Plans taking shape for former jail

The revamped facility is expected to bring about 100 jobs to the area, according to the state's top prison official

The revamped facility is expected to bring about 100 jobs to the area, according to the state's top prison official

January 14, 2003|by CANDICE BOSELY

MARTINSBURG, W.Va. - Sometime next year, many of the state's convicted felons will be kept and evaluated in Martinsburg before they are dispersed to one of 12 prisons around the state.

The former Eastern Regional Jail, off W.Va. 9 east of Martinsburg, will be converted to the Martinsburg Correctional Center, a 120-bed intake center for the state Division of Corrections. It will employ more than 100 people, said Steve Canterbury, executive director of the Regional Jail Authority.

New employees will include corrections officers, counselors and an administrative staff, Canterbury said.

Canterbury said he hopes to start soliciting construction bids for the $3 million project soon. Converting the jail to an intake center is expected to take about 16 months. Earlier projections indicated the center could open this summer.


If needed, the intake center could be converted to a medium-security prison, Canterbury said.

Once a prisoner arrives at the intake facility, counselors will compile a psychological makeup profile, assess his education and evaluate treatment needs, said Jim Rubenstein, commissioner of the Division of Corrections.

Employees will determine whether the inmate should be sent to a minimum-, medium- or maximum-security prison. Intake work takes about 60 days per inmate, Rubenstein said.

Like regional jails, state prisons are overcrowded. All 3,600 beds are filled in the state's 11 prisons. A 12th prison, exclusively for women, is expected to open later this month, Rubenstein said.

With the prisons full, more than 800 inmates who have been tried and sentenced are waiting in jails until a bed opens in a prison, Rubenstein said.

"We're excited and it'll definitely be something we need," he said.

Inmates at the correctional center will be treated as high security risks as a precaution, even if some of the crimes involved are seemingly nonviolent, such as a DUI third offense or forgery, Rubenstein said.

Changes are necessary to convert a jail, which is meant to hold those awaiting trial and those convicted of misdemeanors, to a prison, which holds felons.

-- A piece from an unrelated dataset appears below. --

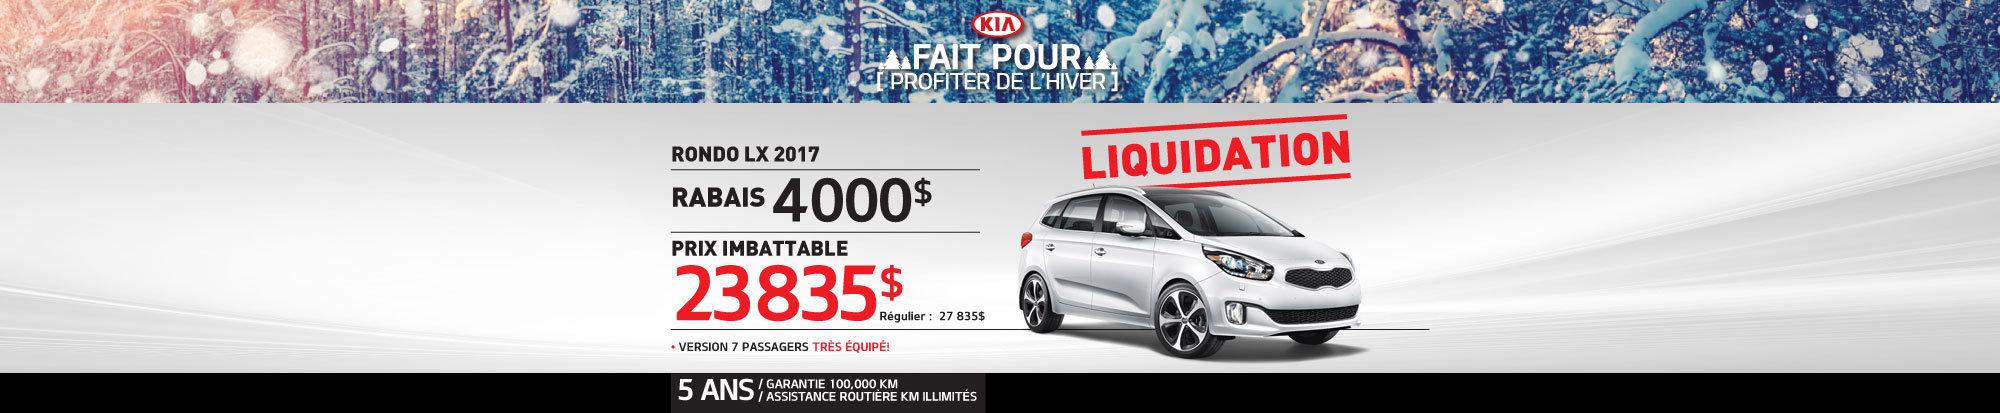 Liquidation Rondo 2017 web

What is now a booking area in the former jail will be converted to offices for counseling. Some interior walls will be torn down and, behind the building, a prison yard will be set up for inmates to enjoy recreation and "hang out," Canterbury said.

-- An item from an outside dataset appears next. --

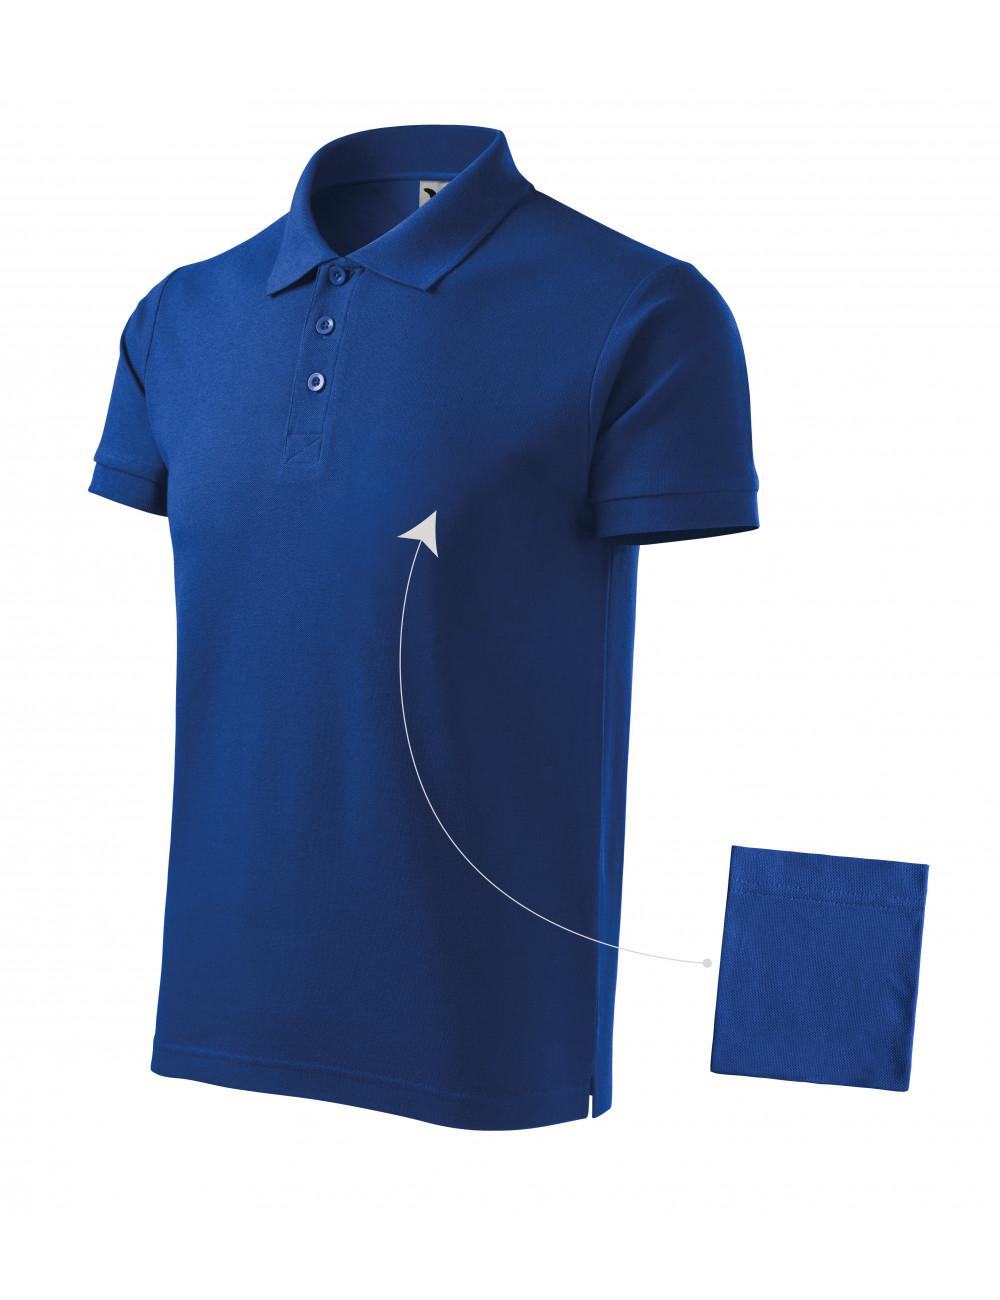 Adler MALFINI Koszulka polo męska Cotton 212 chabrowy

Currently, some offenders do their intake work at the Mount Olive Correctional Complex, a maximum-security prison in Fayette County.

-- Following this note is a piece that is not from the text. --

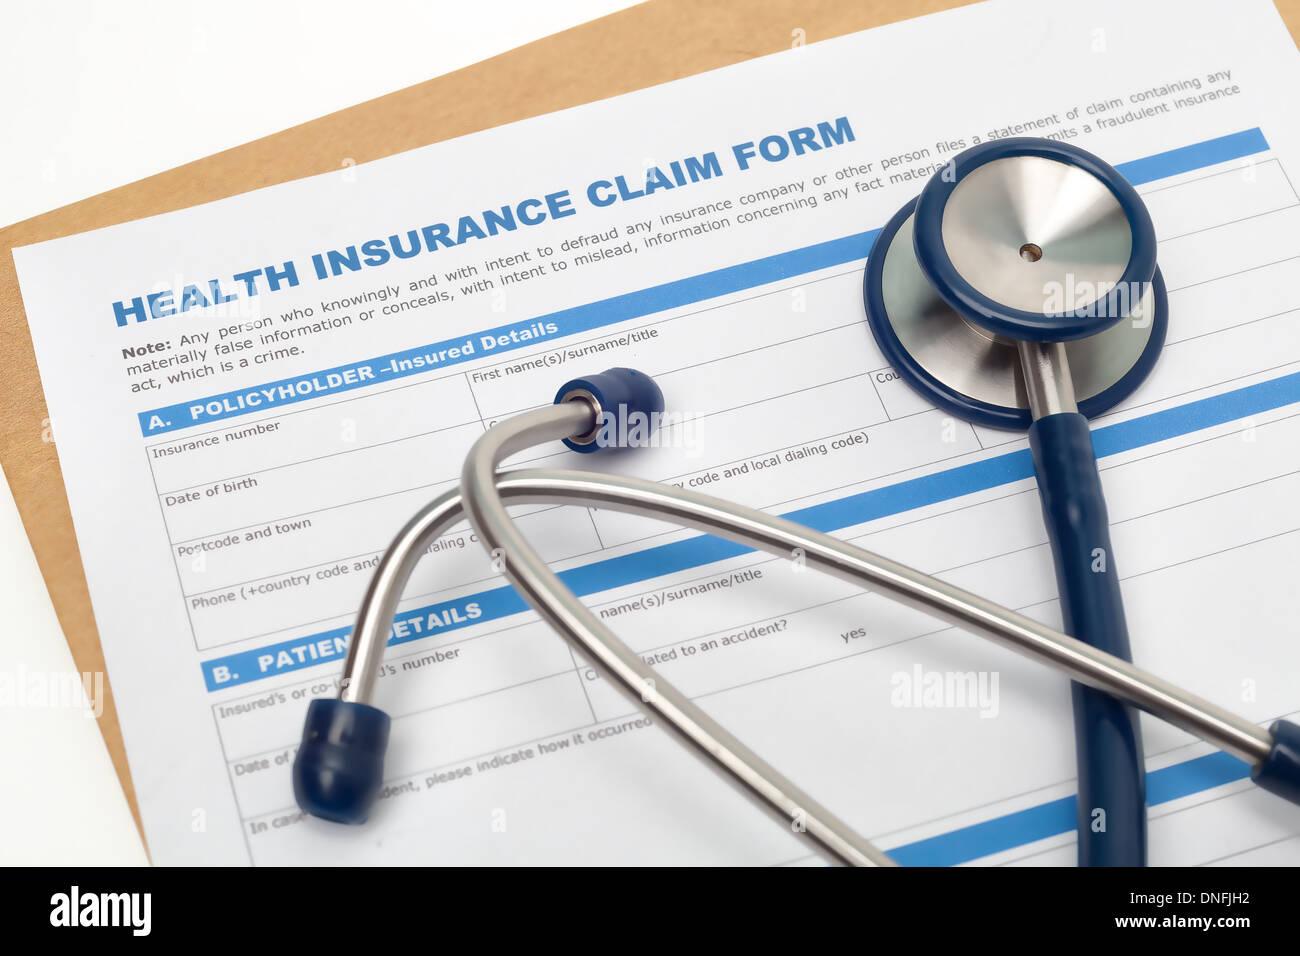 Medical reimbursement with health insurance claim form and stethoscope - Stock Image

In the future, those convicted of crimes such as murder, rape or other violent offenses will bypass Martinsburg and go directly to Mount Olive, Canterbury said.

Other felons now do their intake work at a temporary facility at the Huttonsville Correctional Center in Randolph County.

The former Eastern Regional Jail opened in 1989 and closed 11 years later, replaced by an adjacent 300-bed facility.